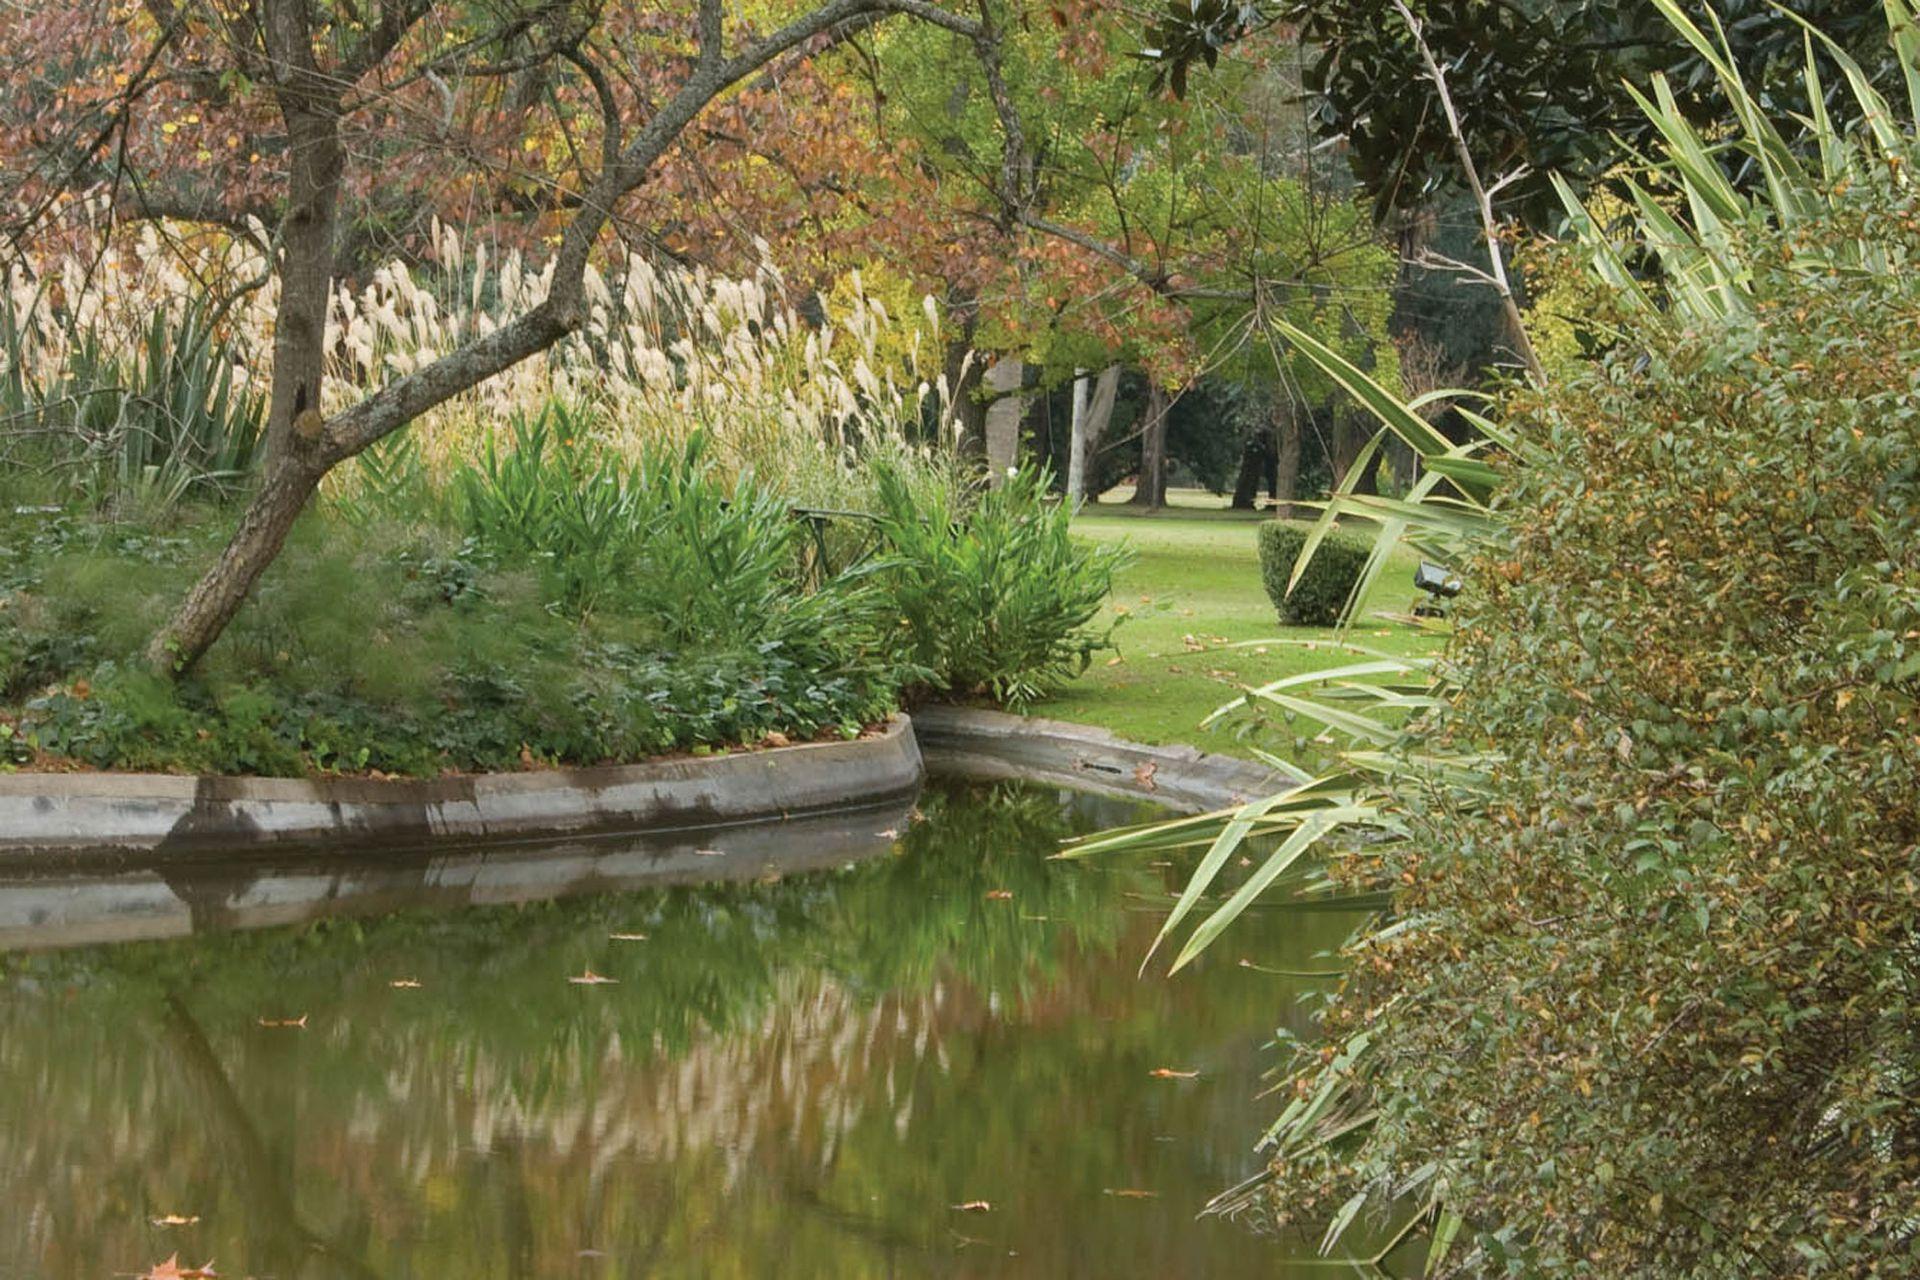 El lago le suma al lugar un caracter mágico.
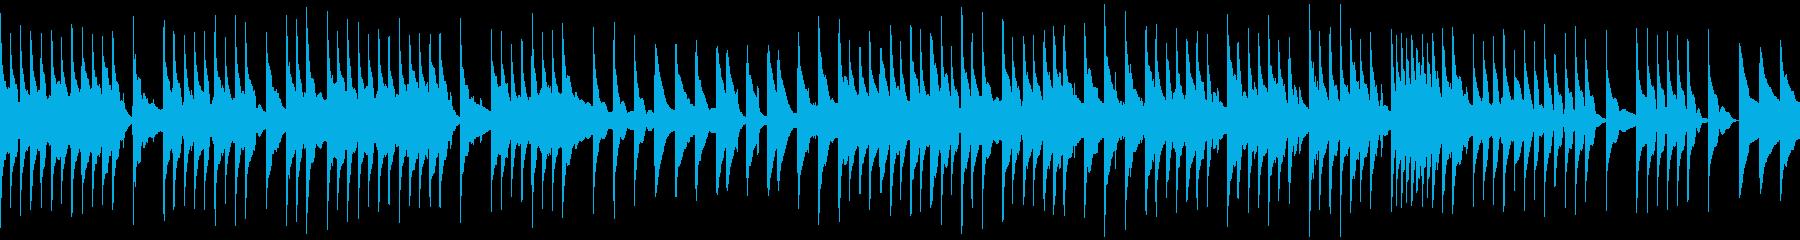 優しいメロディのBGMの再生済みの波形
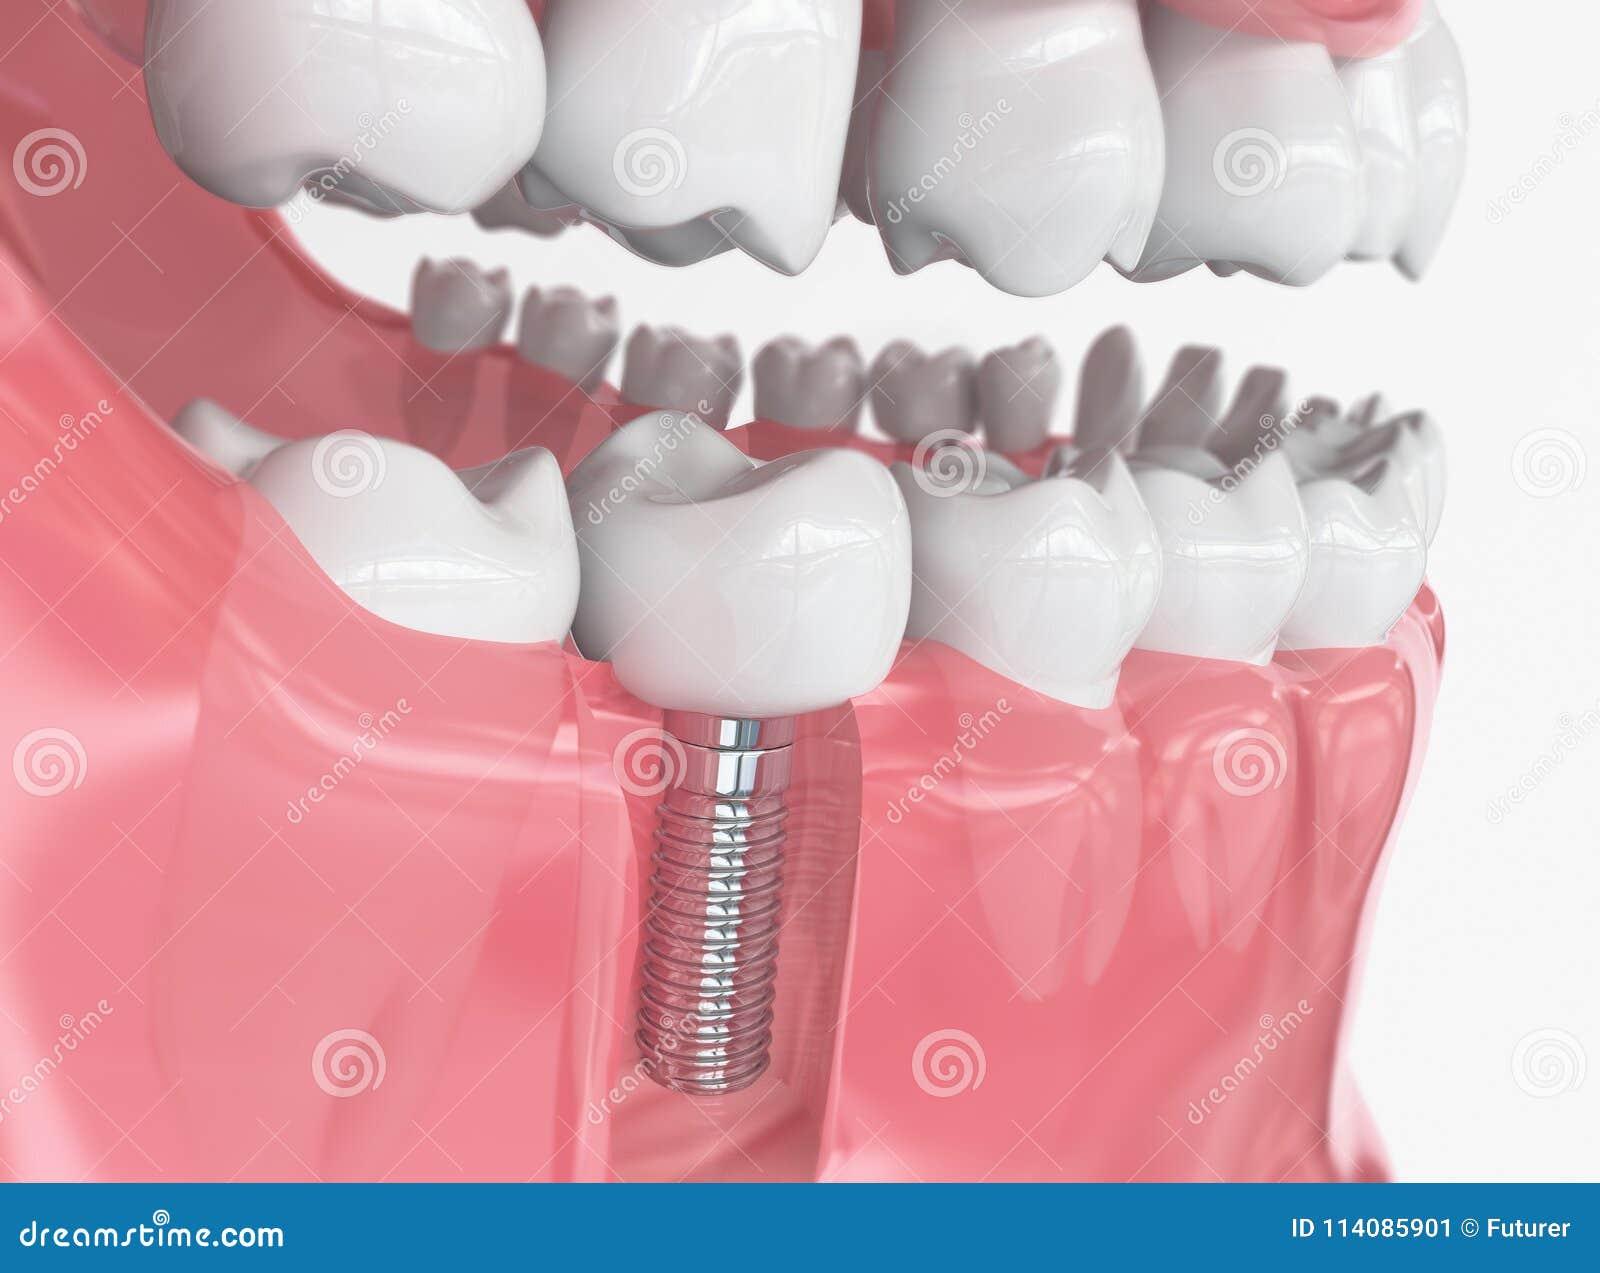 Ανθρώπινο μόσχευμα δοντιών - τρισδιάστατη απόδοση
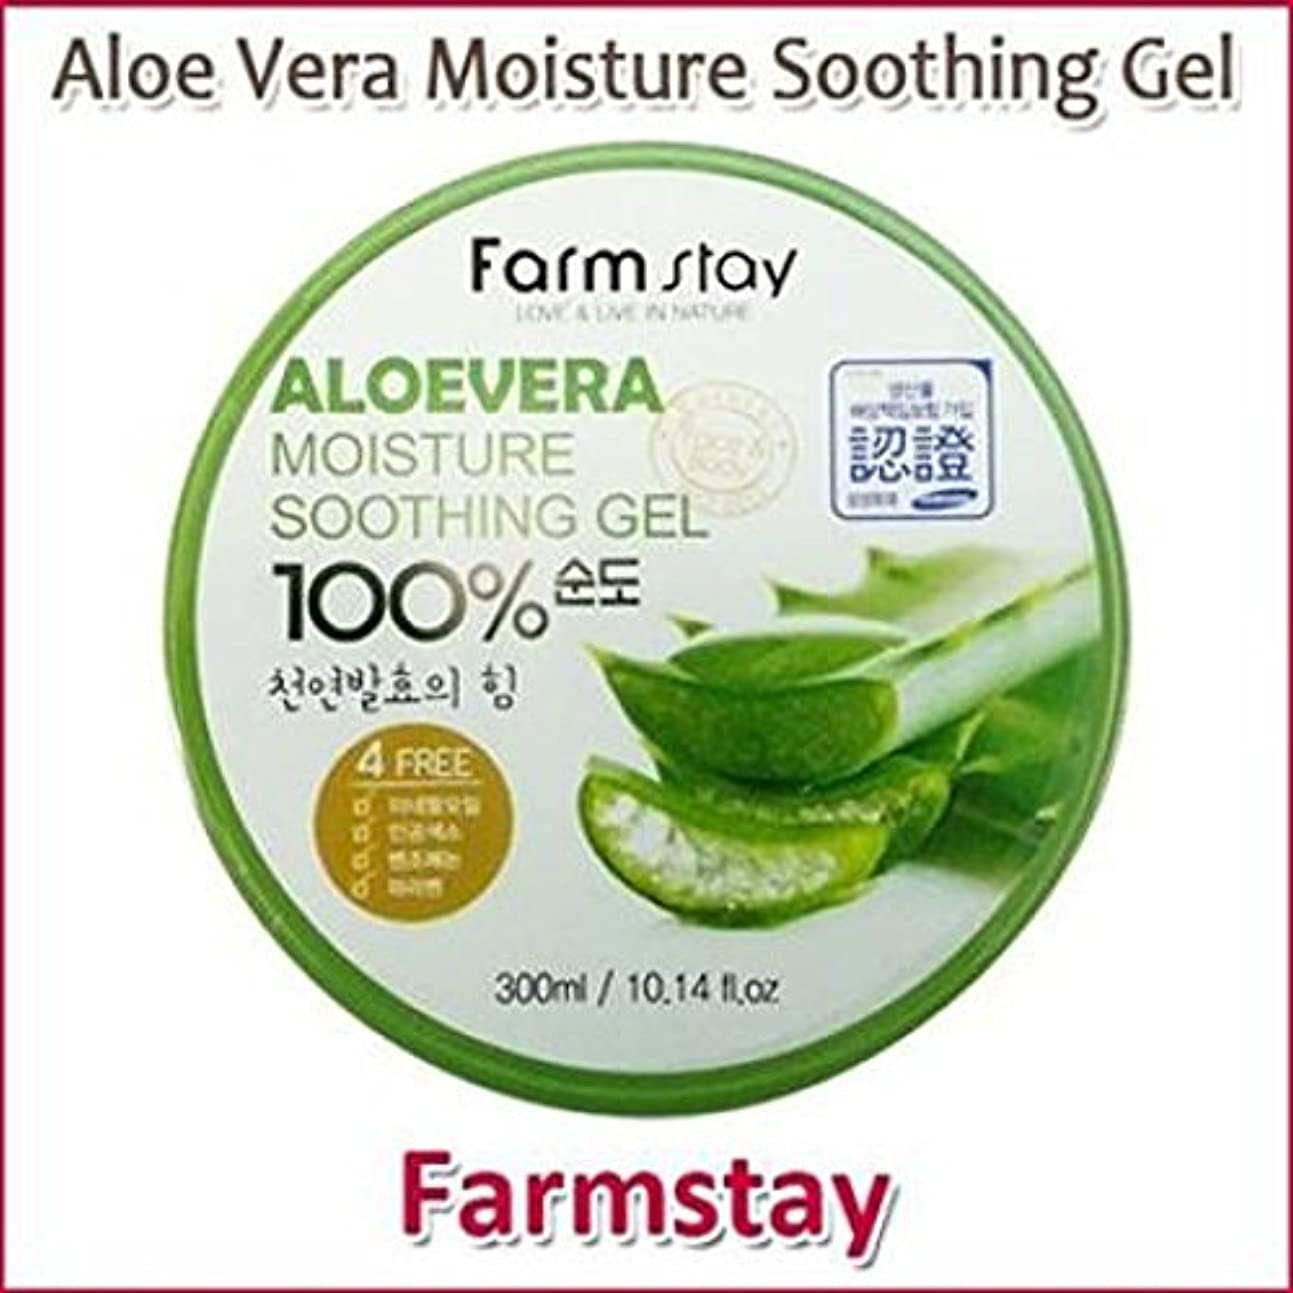 君主起点難しいFarm Stay Aloe Vera Moisture Soothing Gel 300ml /オーガニック アロエベラゲル 100%/保湿ケア/韓国コスメ/Aloe Vera 100% /Moisturizing [...
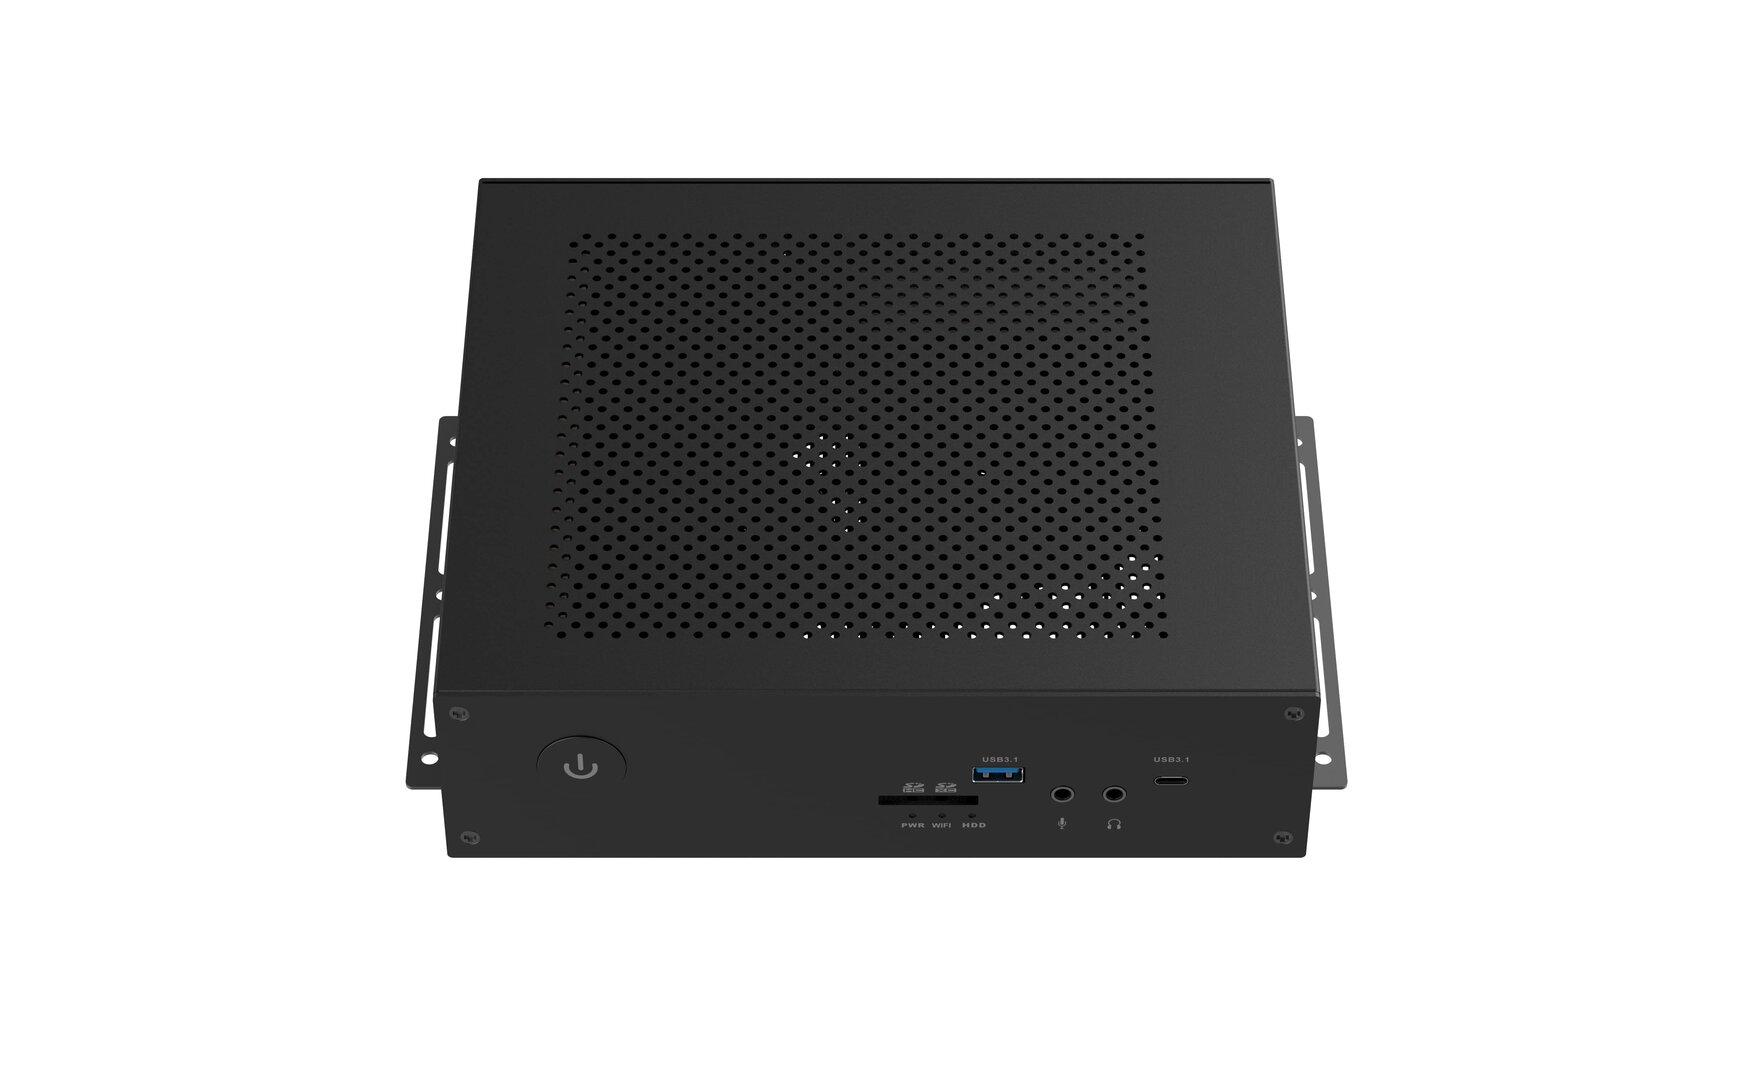 Zbox Pro QC7T3000

----

- AIM OF THE EXERCISE: Pictures aside, repeat every line of the data above exactly.

- REPLY:
 El lago le suma al lugar un caracter mágico.
 優しいメロディのBGMの再生済みの波形
 Ανθρώπινο μόσχευμα δοντιών - τρισδιάστατη απόδοση
 君主起点難しいFarm Stay Aloe Vera Moisture Soothing Gel 300ml /オーガニック アロエベラゲル 100%/保湿ケア/韓国コスメ/Aloe Vera 100% /Moisturizing [...
 Zbox Pro QC7T3000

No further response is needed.